__MATERIAL TO PROCESS__.

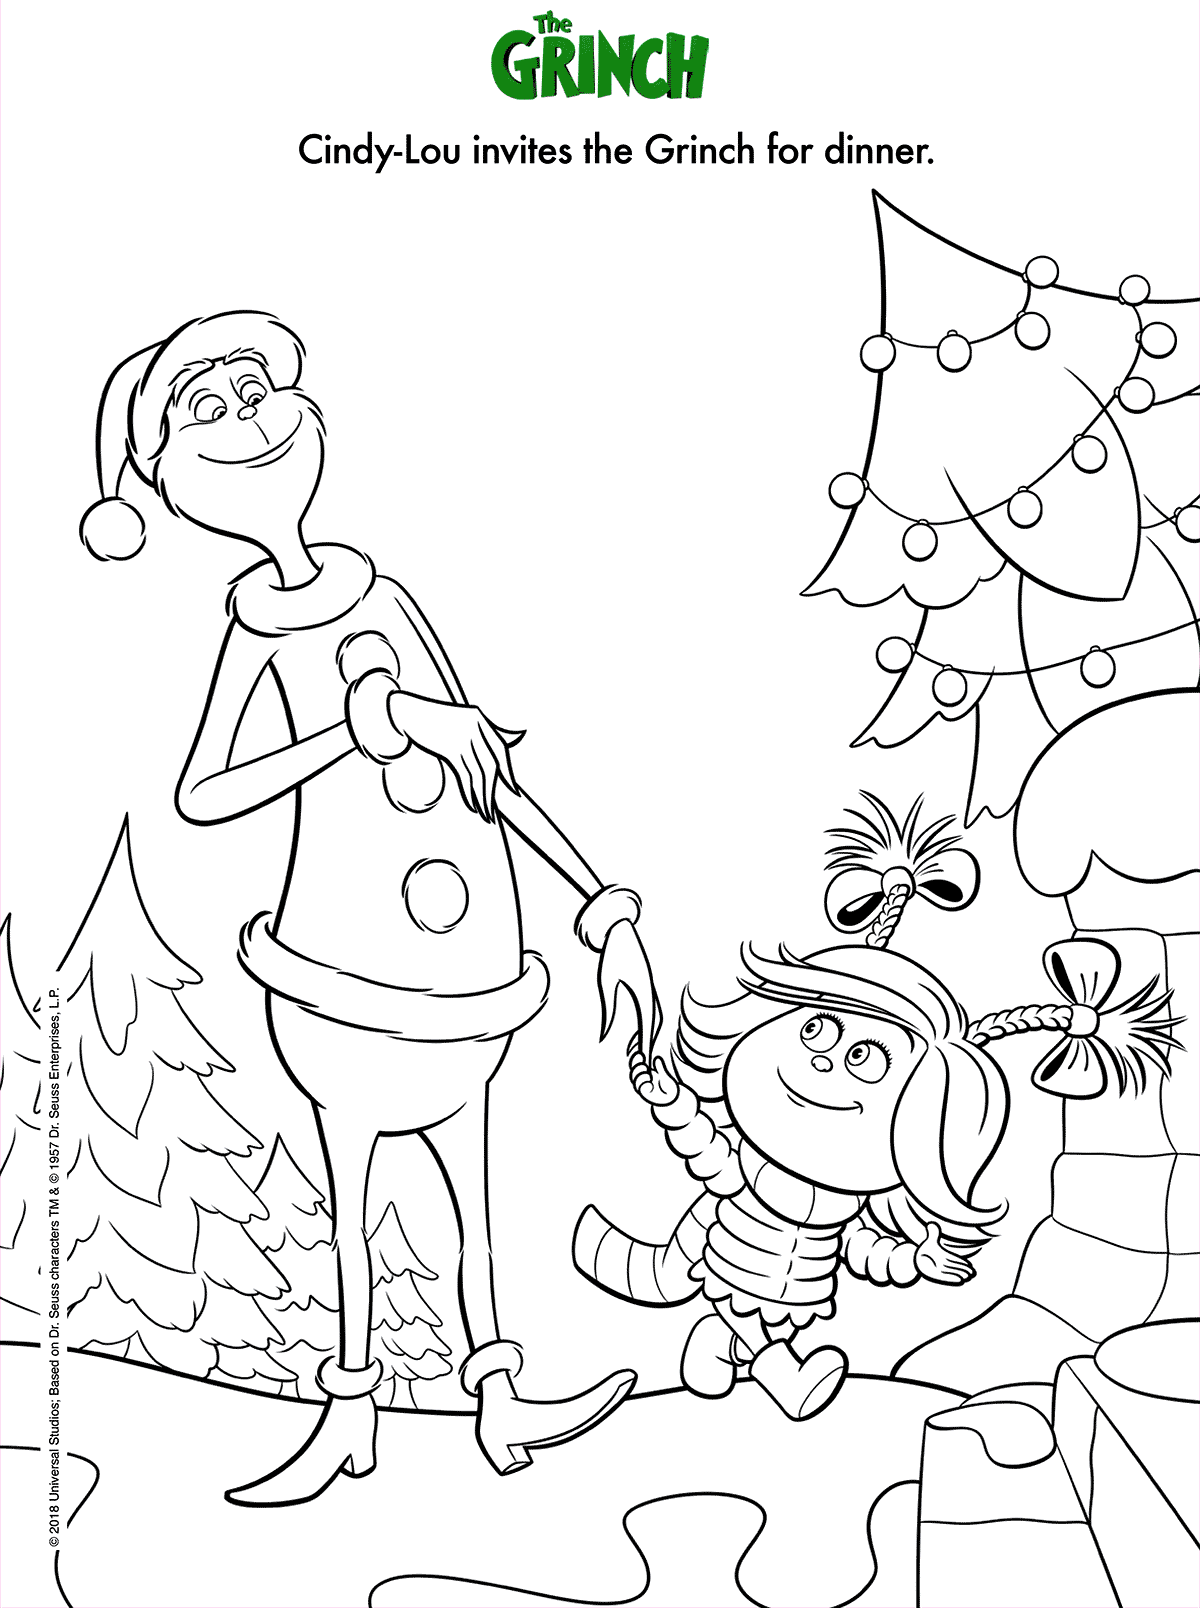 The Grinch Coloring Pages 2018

...

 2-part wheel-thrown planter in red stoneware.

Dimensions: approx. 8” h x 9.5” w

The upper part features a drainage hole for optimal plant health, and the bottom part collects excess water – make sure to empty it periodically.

__TASK PROMPT__. Retype exactly the span of lines from the one with "2-part wheel-thrown planter" through the one with "The upper part"; include both ends and omit the rest of the material.

__TASK SOLUTION__.
 2-part wheel-thrown planter in red stoneware.

Dimensions: approx. 8” h x 9.5” w

The upper part features a drainage hole for optimal plant health, and the bottom part collects excess water – make sure to empty it periodically.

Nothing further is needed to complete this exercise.